Truckers support Special Olympics
Doing their part for Special Olympics Saskatchewan.
Special Olympics Saskatchewan has been playing an enormous role in the lives of countless individuals and their families over the years. From bowling to basketball, this organization makes sports programming accessible to those who otherwise would not have the opportunity to participate in these kinds of activities. This organization presents the chance to experience what it is like to be a part of a team and greater community to those living with an assortment of disabilities through their sport(s) of choice.

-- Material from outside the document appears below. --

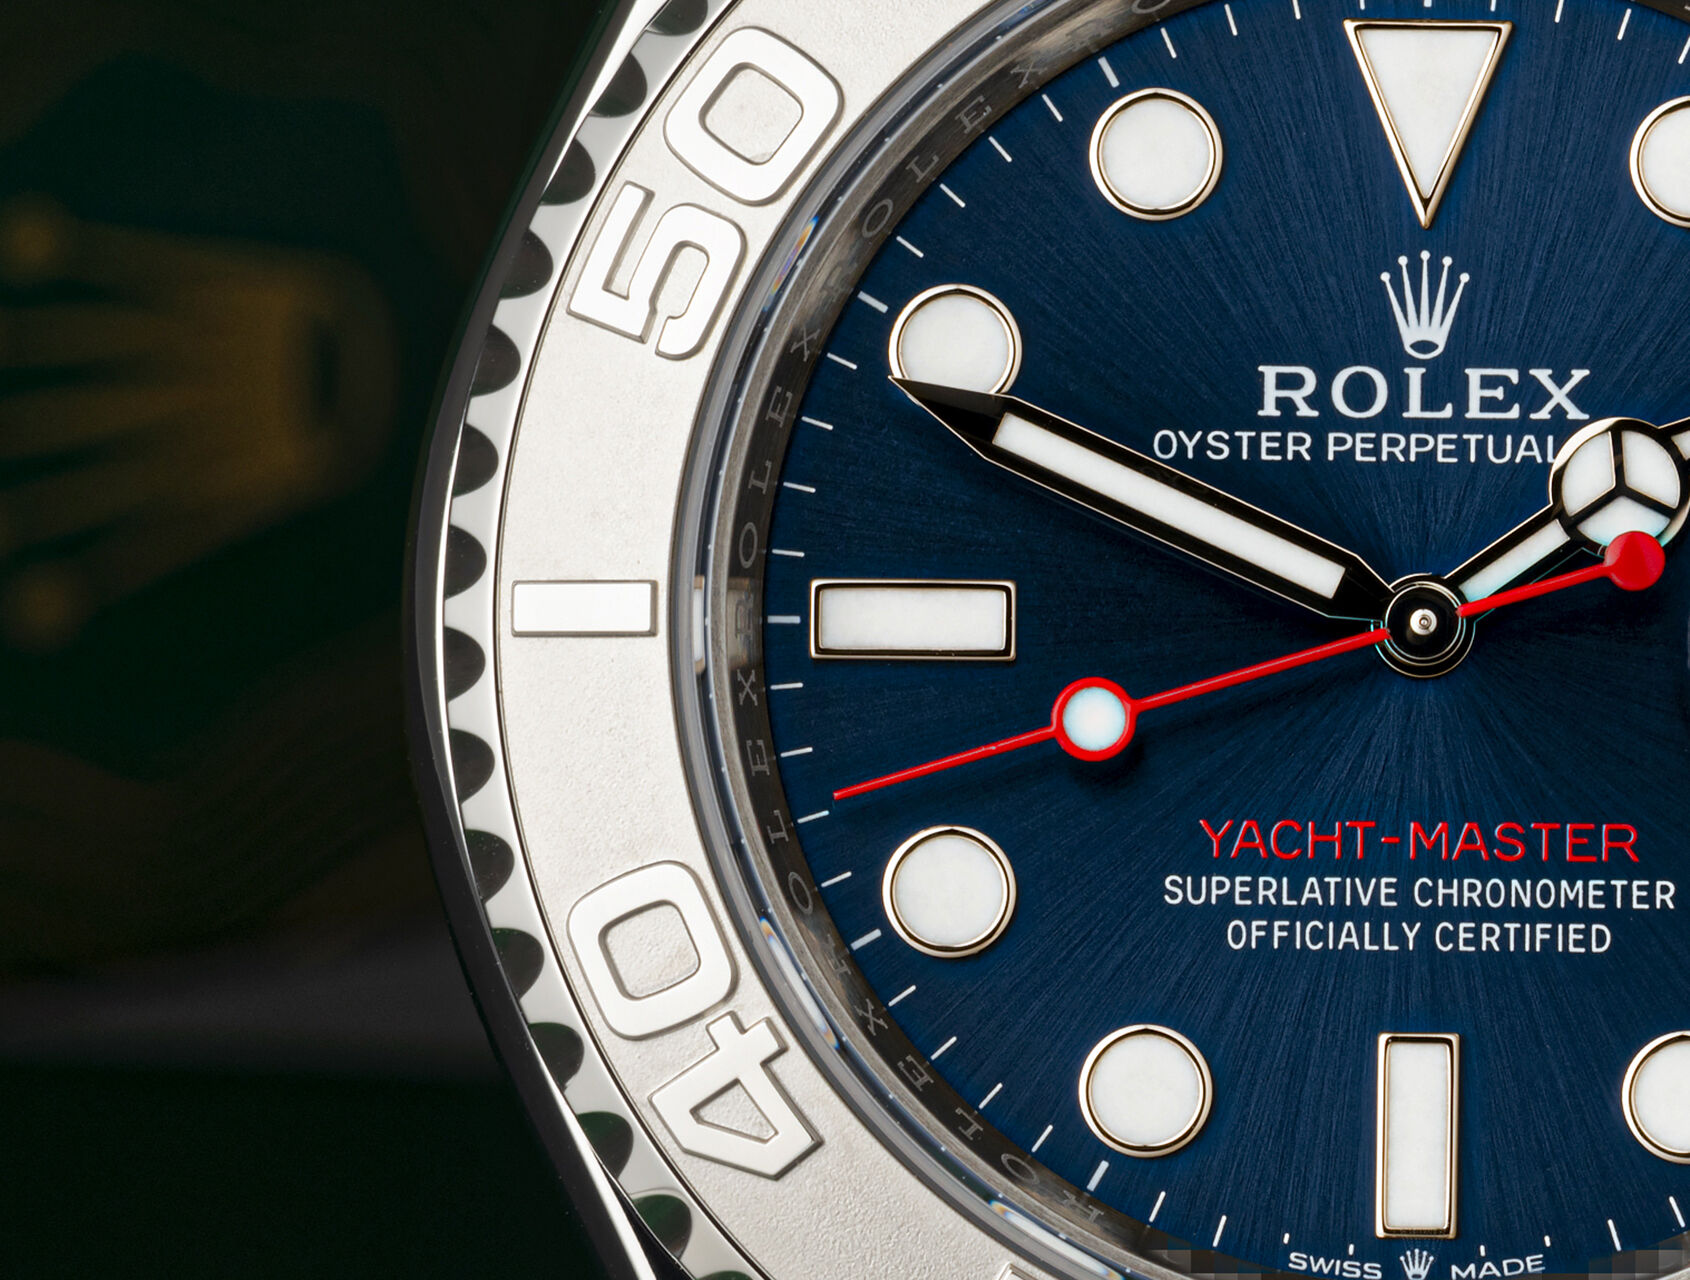 ref 126622 | 126622 - 5 Year Rolex Warranty | Rolex Yacht-Master

For those of us who have ever been a part of a sport, be it a team or solo event, know just how life changing that experience can be. From feeling the adrenaline when you step out for that first game, the joys in winning, sorrows in losing and the bonds you make with those in your community are something that is like no other. There is no way to explain the unique joys and the passion held other than to experience this firsthand. Special Olympics Saskatchewan allows all of these amazing things to be felt by those who are living with disabilities. It is a privilege like no other to be able to support this demographic in experiencing the unique joy that being a part of sports can offer to an individual.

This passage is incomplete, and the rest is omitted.